Both ships report safe transition and continued functioning of all mechanical systems.’
‘We’re not going to be this lucky,’ Curtana said, dropping one hand to make a precise, expert adjustment to one of the levers. ‘That’s not the way it works. Down lookout: anything going on under us?’
The periscope operator answered her without taking his eyes from his instrument. ‘Continued movement of Skullboy forces, but no offensive reaction to our presence so far. Balloons are still tethered, and I’ve yet to see any cannon fire.’
‘It won’t be long. Agraffe: keep those engine updates coming.’ As Agraffe spoke - and without glancing around - she added, ‘Doctor - good of you to join us.’
She must have seen his reflection in the window, for he had not announced his arrival.
‘I trust everyone’s taken their medicine?’
‘Like good little children.’ She lifted the oxygen mask to her face and took a few nourishing breaths. ‘When can we expect the pills to kick in?’
‘This is as good as you’re going to feel, I’m afraid. On the plus side, you shouldn’t feel much worse than you do now.’
‘I feel like someone’s tightening a vice on my head, while spinning me round and round in a barrel.’
‘If you can’t function, I can administer a higher dose. But you’ll pay for it when we cross back over.’

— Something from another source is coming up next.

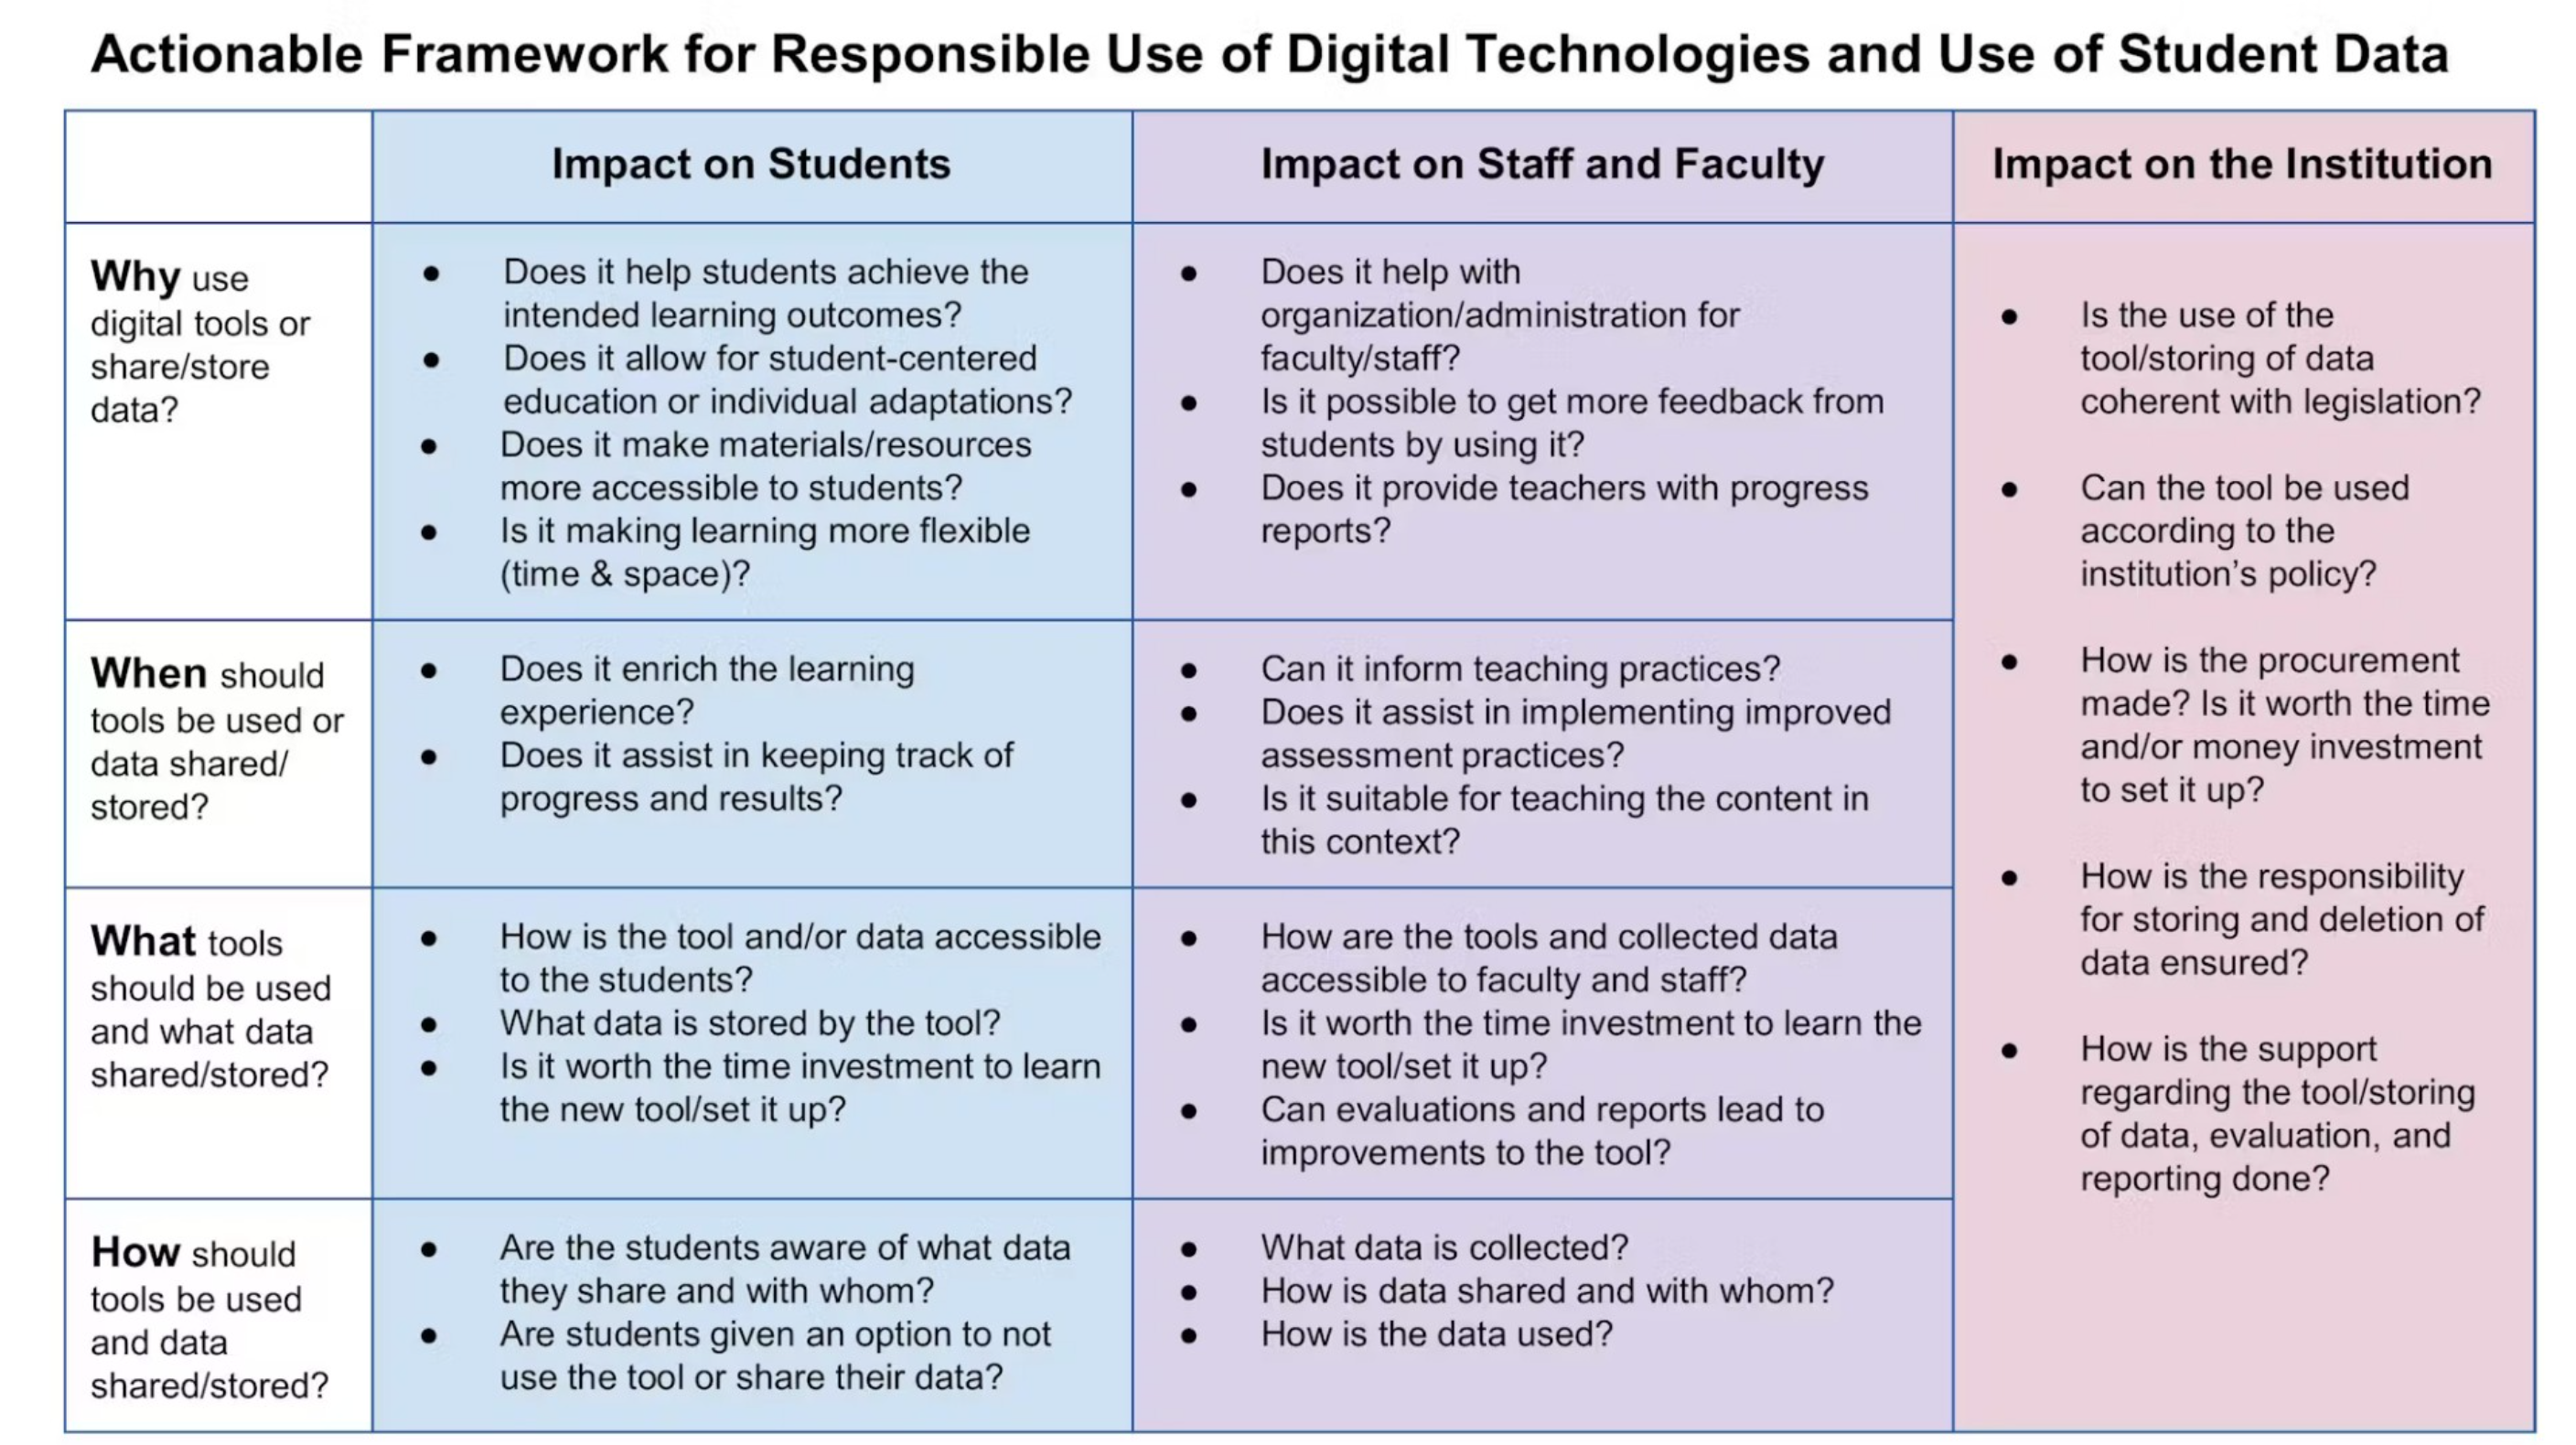 Actionable framework for the responsible use of digital technologies and digital (learner) data

‘Pass, in that case. I’m going to need to be sharp all the way into Spearpoint.’ For the first time she looked over her shoulder, only for an instant, before snapping her attention back to the controls and the view in front of her. ‘Kalis and Nimcha - I wasn’t expecting you on the bridge. Wouldn’t you rather be back in your quarters? It’s going to get a little ... tense in here.’
‘You mean that I should protect the child from things she might find upsetting?’ Kalis asked.
‘You want to put it like that, then yes.’
‘You have no idea of the things she has already lived through. This is nothing to her.’
‘Fine; stay if you want to, I won’t argue. But keep away from the instruments and windows.’
The big guns roared, the gondola jolting from the recoil.
‘Balloons are loose and rising,’ the periscope operator called at almost the same time. ‘Three, no four, ascending quickly. Skullboys are aboard ... I make it five or six per balloon. Fully armoured air-raiders, strapped to the outside of the basket.’
‘Belly turret, concentrate fire on those balloons,’ Curtana said.
‘Over-temperature condition on engine three,’ Agraffe said excitedly. ‘All other engines running normally.’
‘She’s beginning to cook,’ Curtana said. ‘Feather three to fine pitch. I’m cutting her down to two thousand revs, see if we can make her last a little longer. Deep breaths, everybody. This is where it gets interesting.’
Agraffe raised a speaking tube to his lips to give the order to alter the propeller pitch, a rarely made adjustment that could only be performed by someone stationed at the end of the outrigger. His voice would be relayed in chains out to the shivering airman.
‘Pitch adjusted,’ he reported, ten or twenty seconds later.
‘Adjusting trim vanes,’ Curtana said, tugging at stiff, wire-linked levers, the exertion showing in the tendons of her neck. ‘Damn things are so heavy ... here she comes. Nose straight again. Losing some airspeed, but I don’t want to start shedding height just yet.’ She reached for her own speaking tube. ‘Ballast drop, five bags, immediate.’
Quillon felt the floor lurch up as
Painted Lady
shed weight, regaining the equilibrium she had lost when her forward speed decreased. Curtana made another precise trim adjustment. For now the craft was flying straight and level again, but everyone on the bridge knew that this was only a temporary state of affairs.
Quillon sensed the tension as a quivering, gelid presence in the air.
At least it was daylight, he thought. Visibility was excellent, as good as it had ever been even on the clearest days in the Bane, and every detail of Spearpoint sparkled with hallucinatory clarity, the city breathing like a living thing in the corkscrewing mirage of spiralling thermals. Because it was day - rather than night, when the absence of lights would have been telling - there was very little to suggest that anything catastrophic had happened to Spearpoint. Even though they still had leagues to cross, he felt as if he could reach out and seize their destination, hauling them in across the gap with only his strength.